Article / Review by on December 16, 2011 – 8:44 pmNo Comments

Viet Nam: UN-backed study shows well-being disparities for children, women

A H'mong woman and her baby in Sin Chai hill tribe village

Disparities in the well-being of children and women persist in Viet Nam, according to the findings of a United Nations-backed survey released today, which also shows that the differences vary across regions by gender, area of residence, wealth, and ethnicity.

On immunization, the finding of the multiple indicator cluster survey – carried out by Viet Nam’s General Statistics Office in partnership with government ministries, the UN Children’s Fund (UNICEF) and the UN Population Fund (UNFPA) – shows just two in five children between the ages of 12 and 23 months are fully immunized.

There is also a considerable gap between rural and urban areas, with one in two urban children fully immunised, compared to only one in three in rural areas.

On water and sanitation, the study shows that seven in 10 Vietnamese have access to drinking water and improved sanitation facilities. However, a person living in an ethnic Kinh or Hoa household is more than twice as likely to have access to those amenities as a person living in an ethnic minority household.

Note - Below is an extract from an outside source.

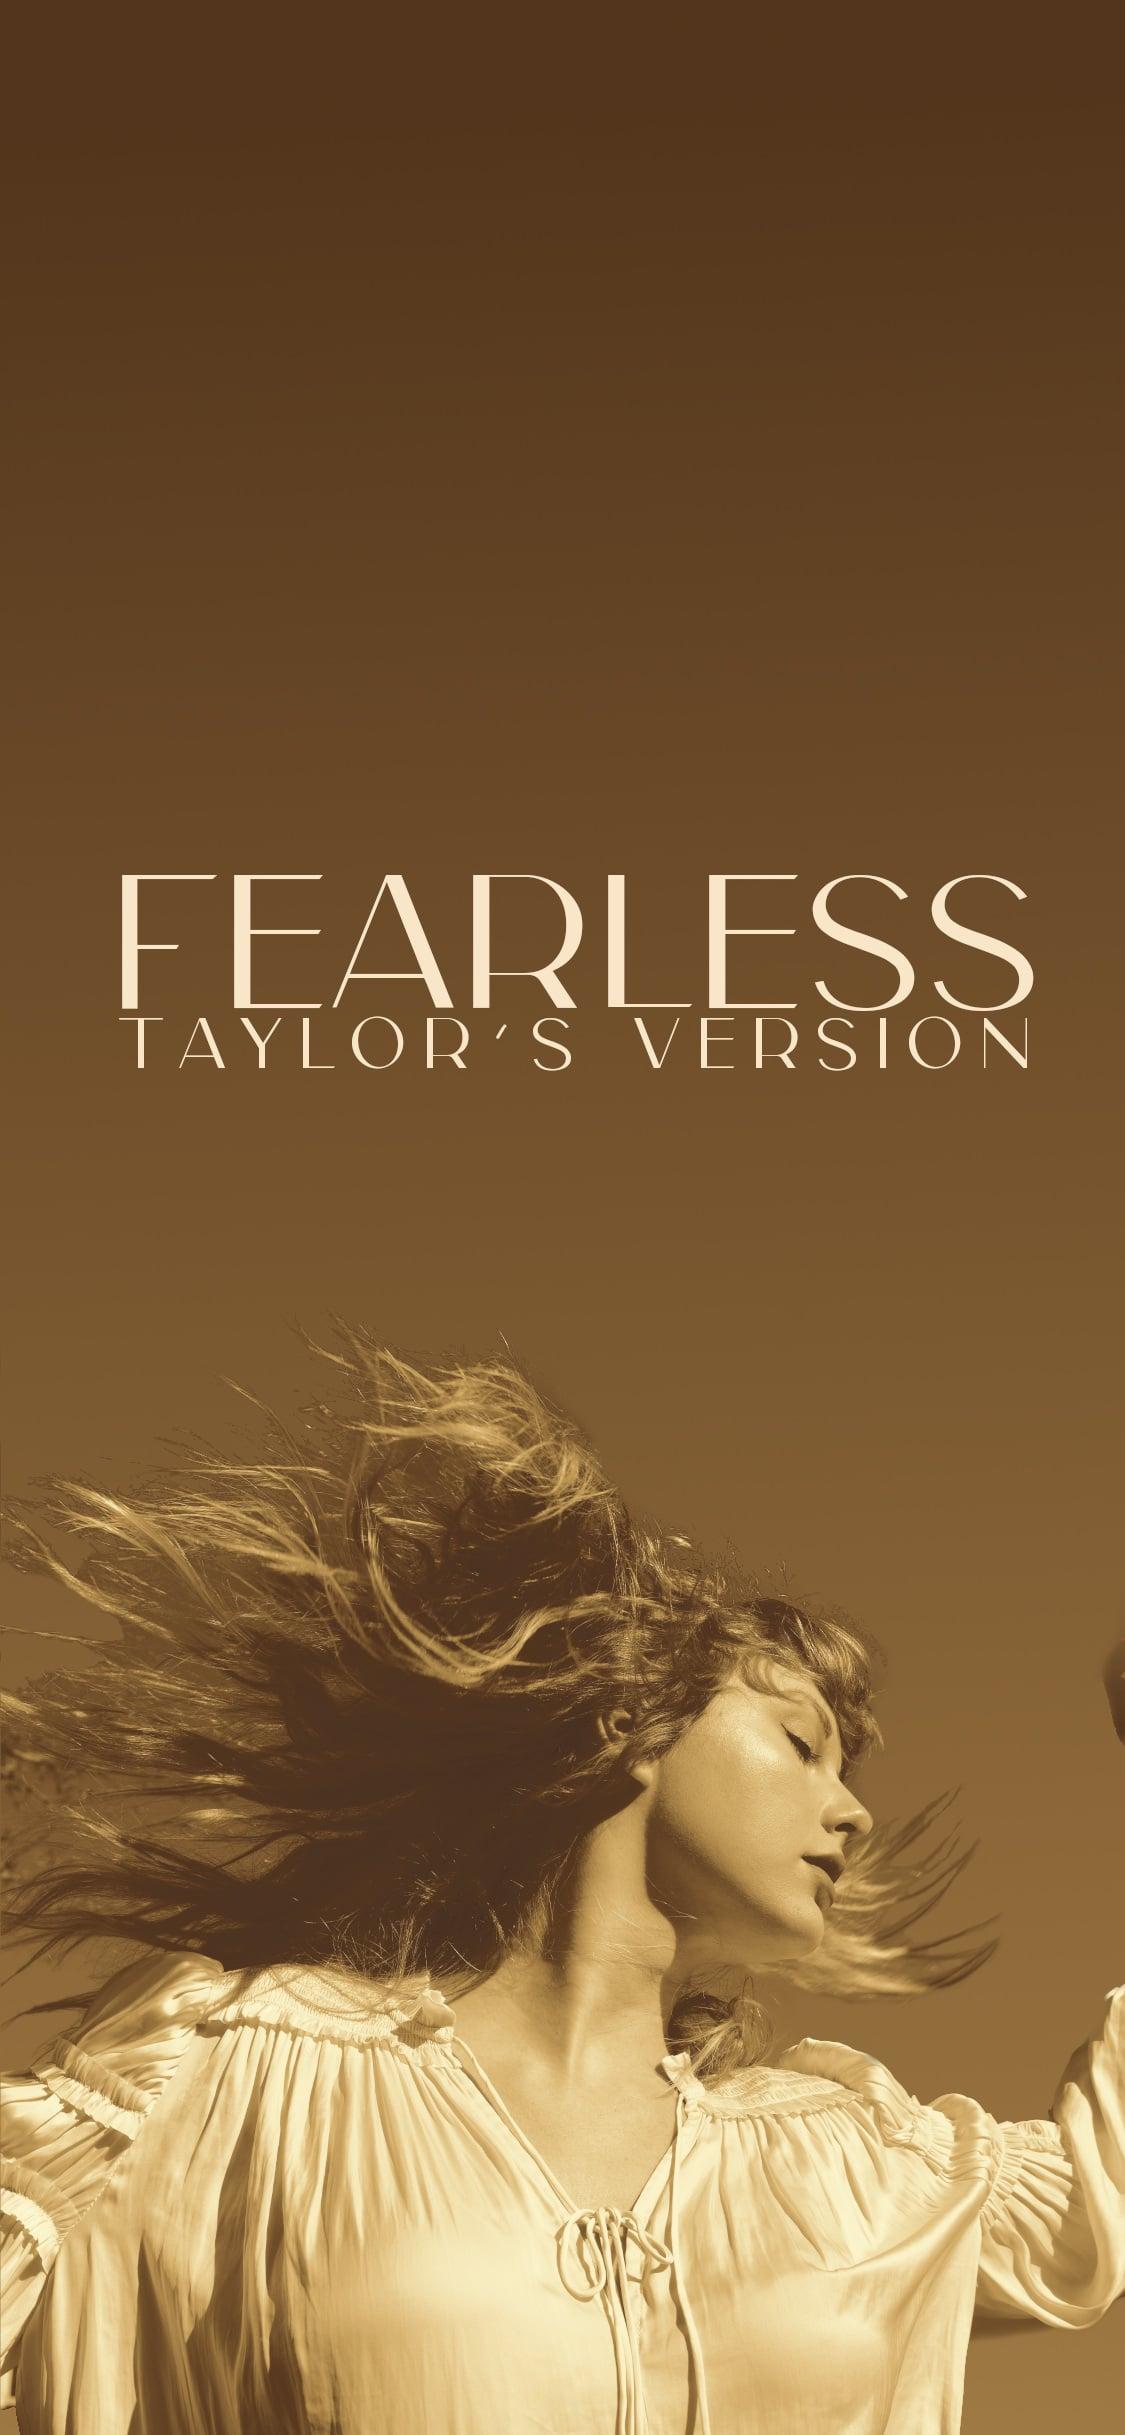 [49+] Fearless Taylor Swift Computer Wallpapers | WallpaperSafari

While the report shows that nearly one in every four children under the age of five in Viet Nam is stunted – shorter than he or she should be for his or her age – it found that the stunting rate among ethnic minority children is twice as high compared to their Kinh or Hoa peers.

Similar results were seen in the area of women’s reproductive health. Most women aged between 15 and 49 who gave birth in the two years preceding the survey received antenatal care at least once by skilled personnel, and two thirds had the recommended four antenatal care visits.

Nine out of 10 deliveries took place in health facilities, but significant disparities emerge by ethnicity. Virtually all women in Kinh or Hoa households delivered in a health facility compared to three out of five women from ethnic minority households.

“The report provides evidence that ethnic minorities are not faring well in most surveyed areas,” said Lotta Sylwander, UNICEF’s representative in Viet Nam. “The data generated… [in the survey] will allow policy-makers to target their resources to those population groups that are in most need of attention and should be the focus of collective development efforts.

“This would allow the benefits of Viet Nam’s economic growth to reach women and children in all ethnic, economic and social groups,” she said.

The report also shows that about a third of women who received antenatal care during their last pregnancy were tested for HIV. Significant disparities emerged by area of residence, with women living in urban areas twice as likely to have been tested compared to women living in rural areas.

The survey is an initiative which UNICEF has used since the mid-1990s to assist countries to collect and analyse data to monitor conditions for children and women.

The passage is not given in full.